Bitcoin has a rich history — much richer than the past few years of FinTech stories on the market might allude to; stories that have nothing to do with the “bitcoin baron,” a pirate and the Silk Road, or even Mt. Gox.
But to understand how bitcoin has become the digital currency phenomenon that it has today, it has to begin with bitcoin’s history.
It’s a history, like most, that has a dark side as well as its breakthroughs — that is intended to inspire visions of changing the way money is sent from one party to another, via the blockchain.
And to help tell the story of the history of bitcoin, New York Times reporter Nathaniel Popper dug into what he discovered to be quite a fascinating tale of how bitcoin came to be and how the very concept of bitcoin is spurring conversations about creating a “new global money for the Internet age.” In his book, “Digital Gold,” Popper dives into the insider conversations about the digital currency — which includes the “misfits and the millionaires trying to reinvent money.”
“The more I got to know the people who were involved in driving this technology from different directions, the more I realized that it sort of tapped into some deep stuff about money and people’s thoughts on finance and technology,” said Popper, who admitted that even he — who had been reporting on bitcoin — had thought the concept was a bit “faddish.” But once he met the players who kept the bitcoin wheels moving, the basis of his book clicked.
The Big (and little) Players Behind Bitcoin
Popper sat down with notorious bitcoin criminal Charlie Shrem, who’s serving time in prison for his role in laundering money to the Silk Road marketplace, but he also met with legitimate bitcoin business executives who are trying to add validity to the digital currency market by operating in the public eye, and away from tangled mess of the Deep Web that has caused the slew of problems for bitcoin’s better side.
Regardless of whom he spoke with, the sheer passion for the financial tech was evident, which only fueled Popper’s desire to dig more into the topic and the players that make it go round. This also led to his realization of just how much bitcoin was starting to play a role in the financial ecosystem and the investors who were putting their faith (and dollars) into the digital currency.
Shrem, of course, got arrested and then the Japanese bitcoin exchange Mt. Gox went bust — sending a flurry of concern into the bitcoin community, particularly for those who lost out on the $640 million that was said to be lost in the collapse. But what Popper found fascinating about bitcoin at that time is, even with the negative press, bitcoin managed to have a strong following fighting for its worth.

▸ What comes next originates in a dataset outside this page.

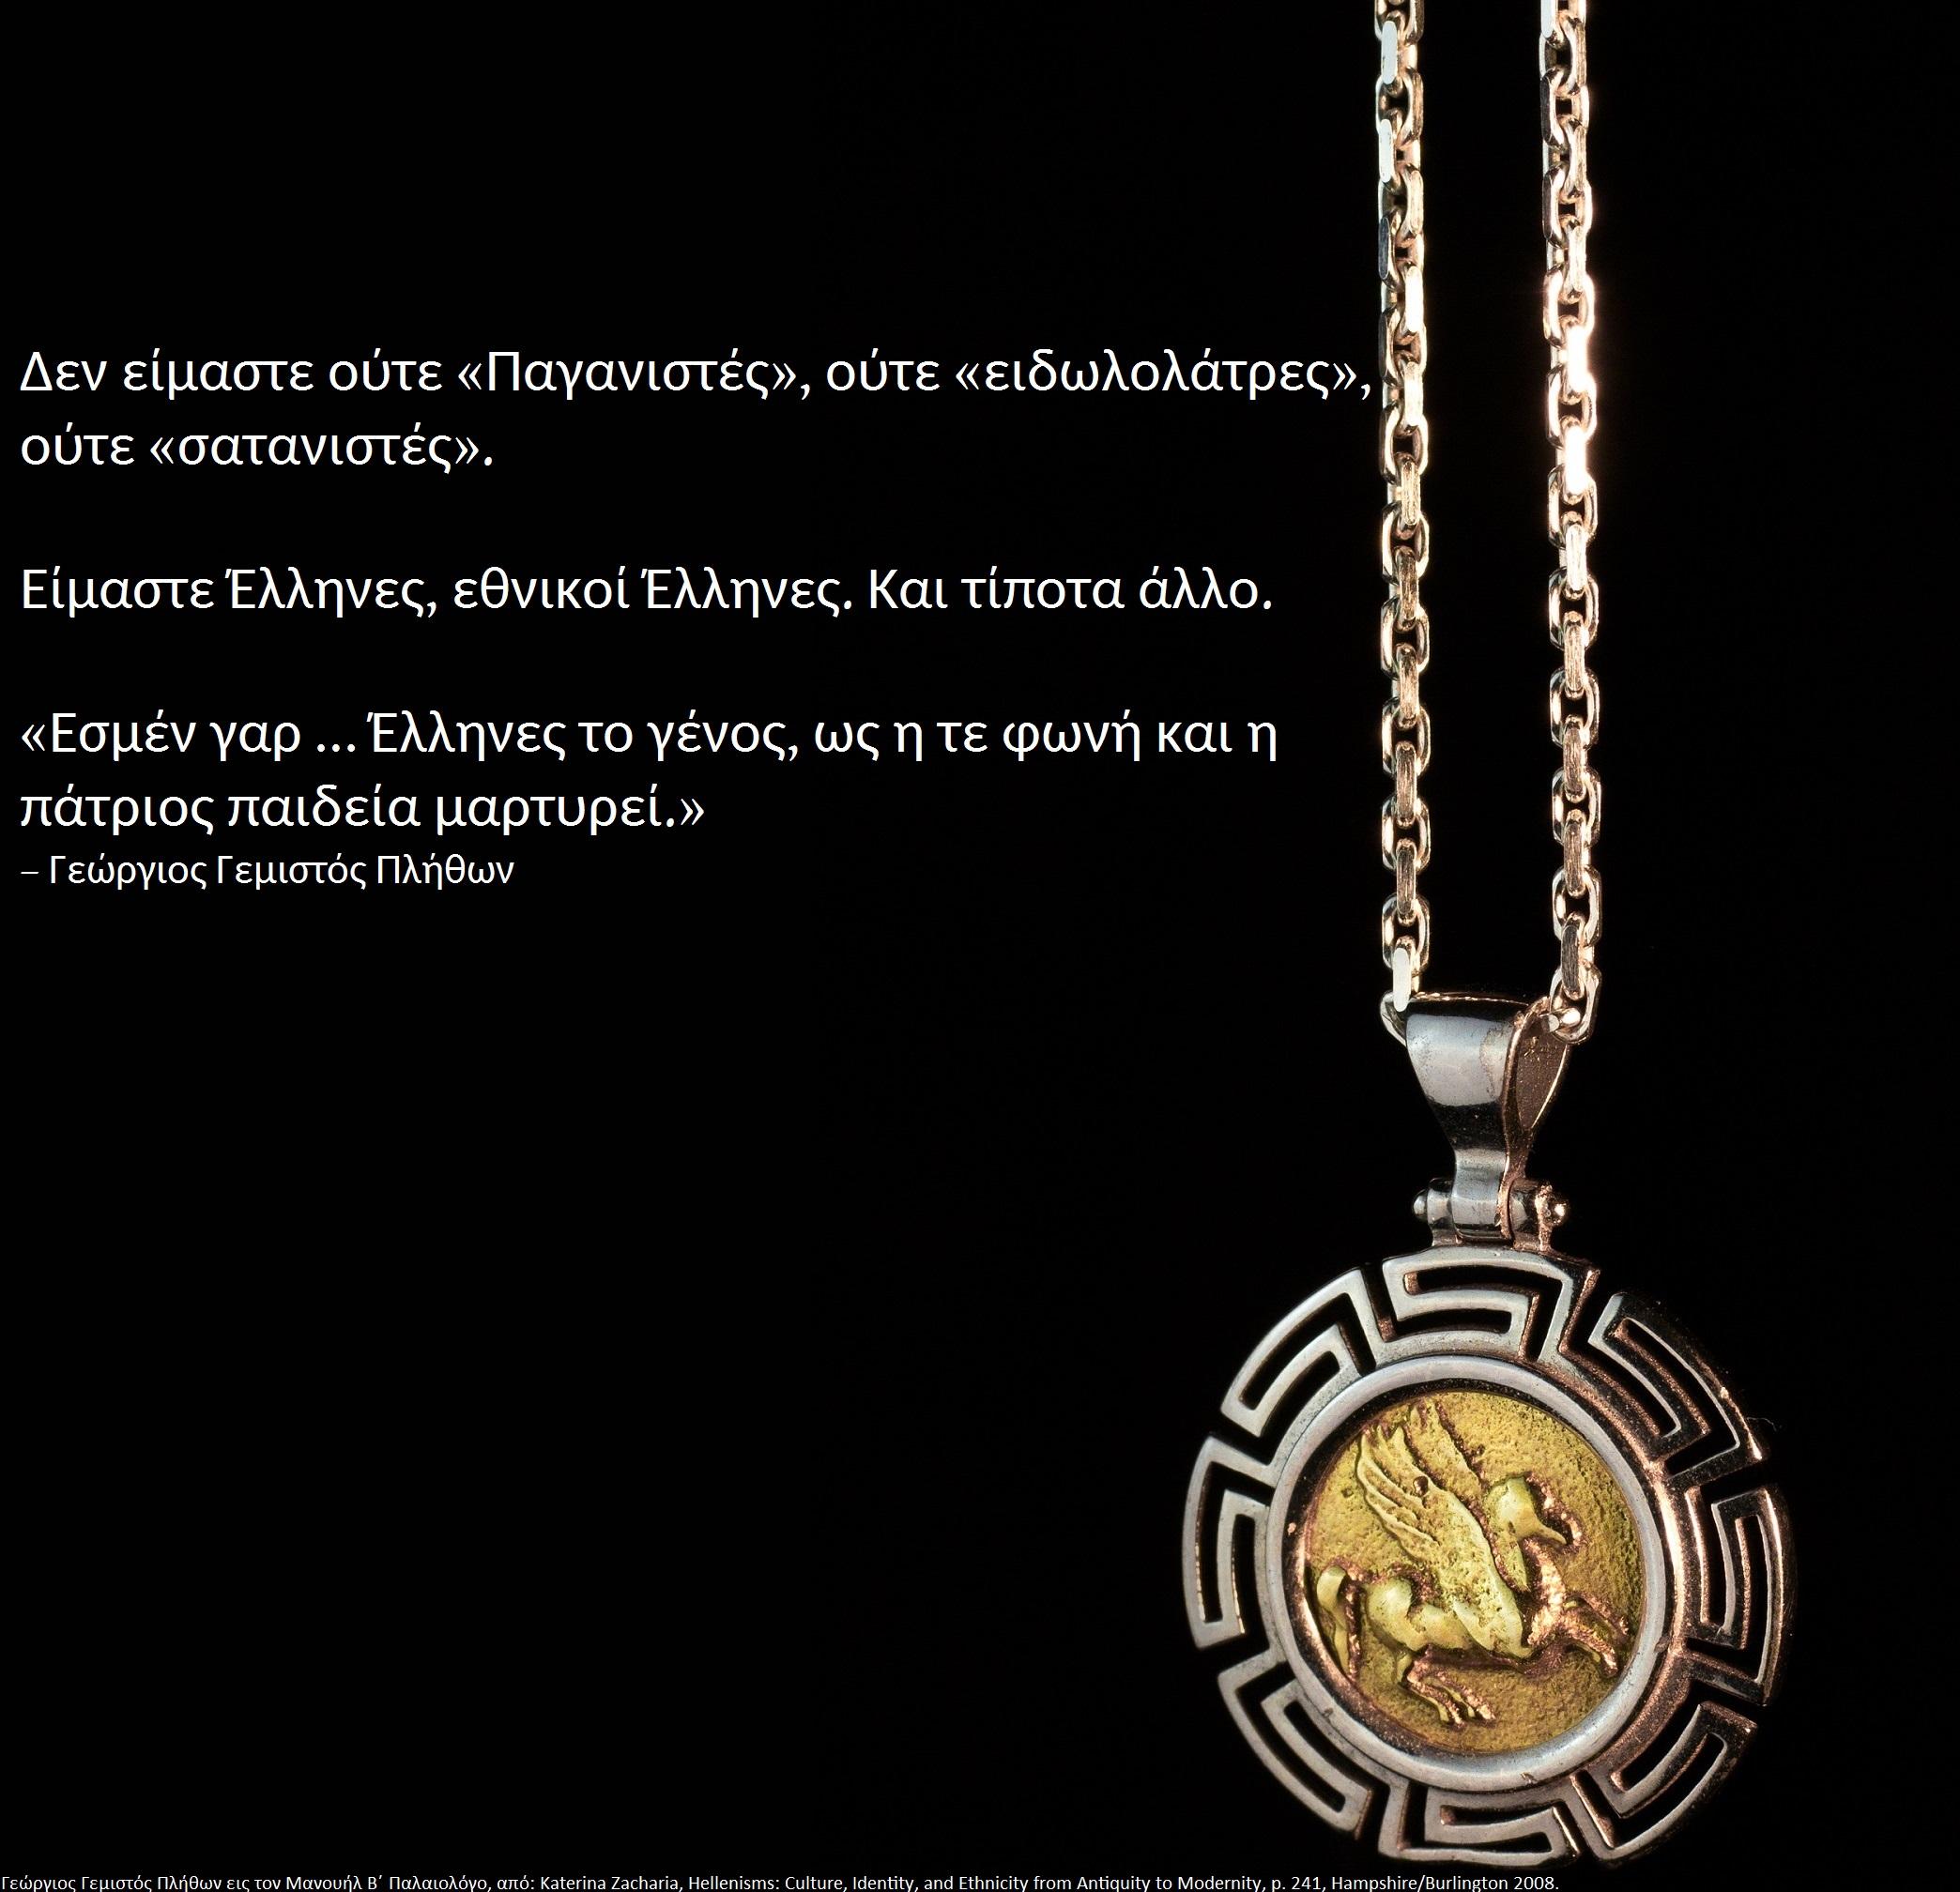 11. Εσμέν γαρ Έλληνες

“Despite all this stuff going wrong, there were all these serious people who were talking about the fact that there was something very revolutionary in the technology. That was more important than whatever crisis the technology might be going through,” Popper said. “I think seeing just how many serious people were looking at this technology and seeing something important in it was the other side of seeing [Shrem] get arrested and see that sort of passion, and also seeing how seriously people were taking the technology here — and that obviously includes the banks.”
After Mt. Gox collapsed, Popper said there was some indication that bitcoin itself might just go down with the exchange. But that was also the same time when the big banks started looking into bitcoin and the blockchain, which showed the “contradictory currents that shaped this technology,” he added.

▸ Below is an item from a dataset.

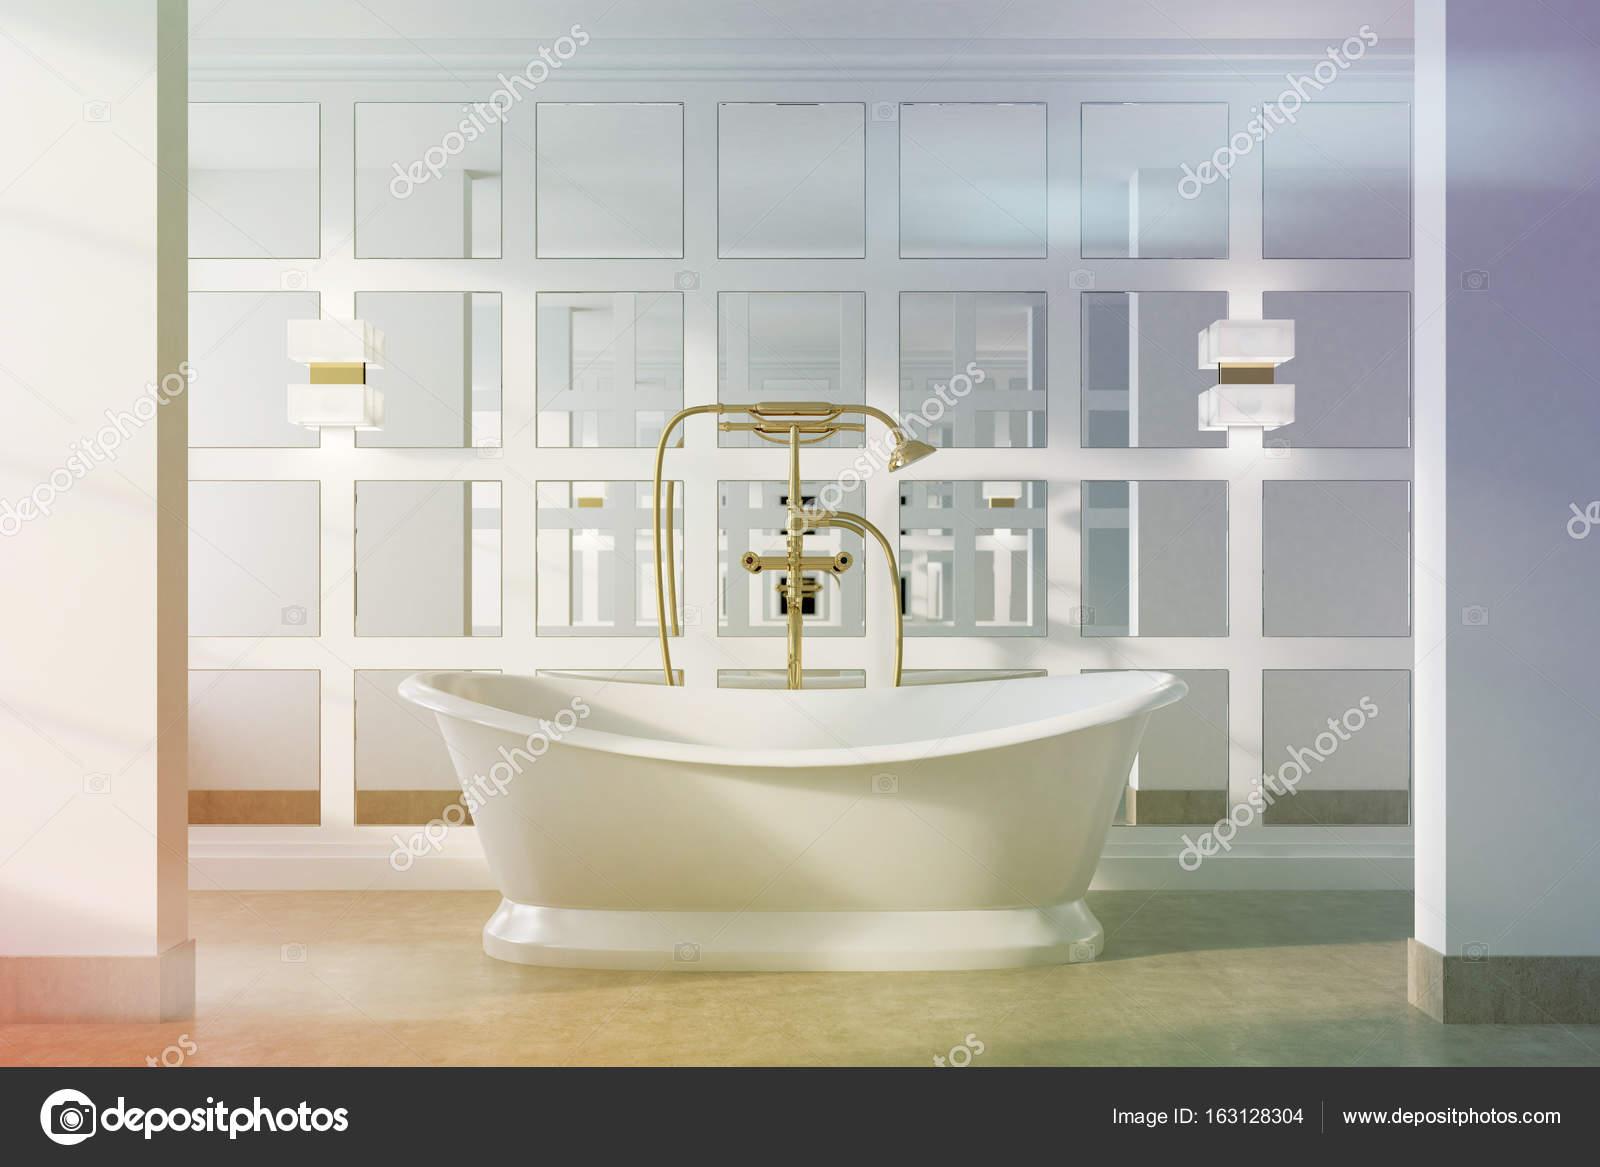 Vasca da bagno vintage bianco tonico  Foto Stock

But it also left open a lot of questions.
“Was it going to end in a fiery crash? Was it going to end with another big assent?” said Popper, who explained that these questions helped frame the concept of his book and the history of how bitcoin came to be all it has become today. And while bitcoin has got the backing from some big names, without the early bitcoin enthusiasts who were willing to take a chance on the technology, bitcoin wouldn’t be a sliver of what it has become today.
“You needed sort of outsiders who were willing to try something new in those years from 2010-2011 when nobody cared about this. If they hadn’t been there at that point, the experiment wouldn’t have survived to the point where Wall Street [and] Silicon Valley came in and got interested,” Popper said. “You always need those sort of fringe communities to pick up on a technology like this. There were similar dynamics in play with the beginning of the Internet. You had these sort of fringe groups who were the ones that saw some value in it and were willing to experiment with it. That caused reputation issues, but I think that was a necessary stepping stone.”
Survival Of The Bitcoin Fittest
From his research, Popper was able to discover what has helped make it through tough times — which has really been because of the determination of its biggest fans, but more recently it has been attention from regulators that has actually given bitcoin a taste of credibility.
“The willingness of people to put any trust in it has largely moved in tandem with regulators to step in,” Popper said.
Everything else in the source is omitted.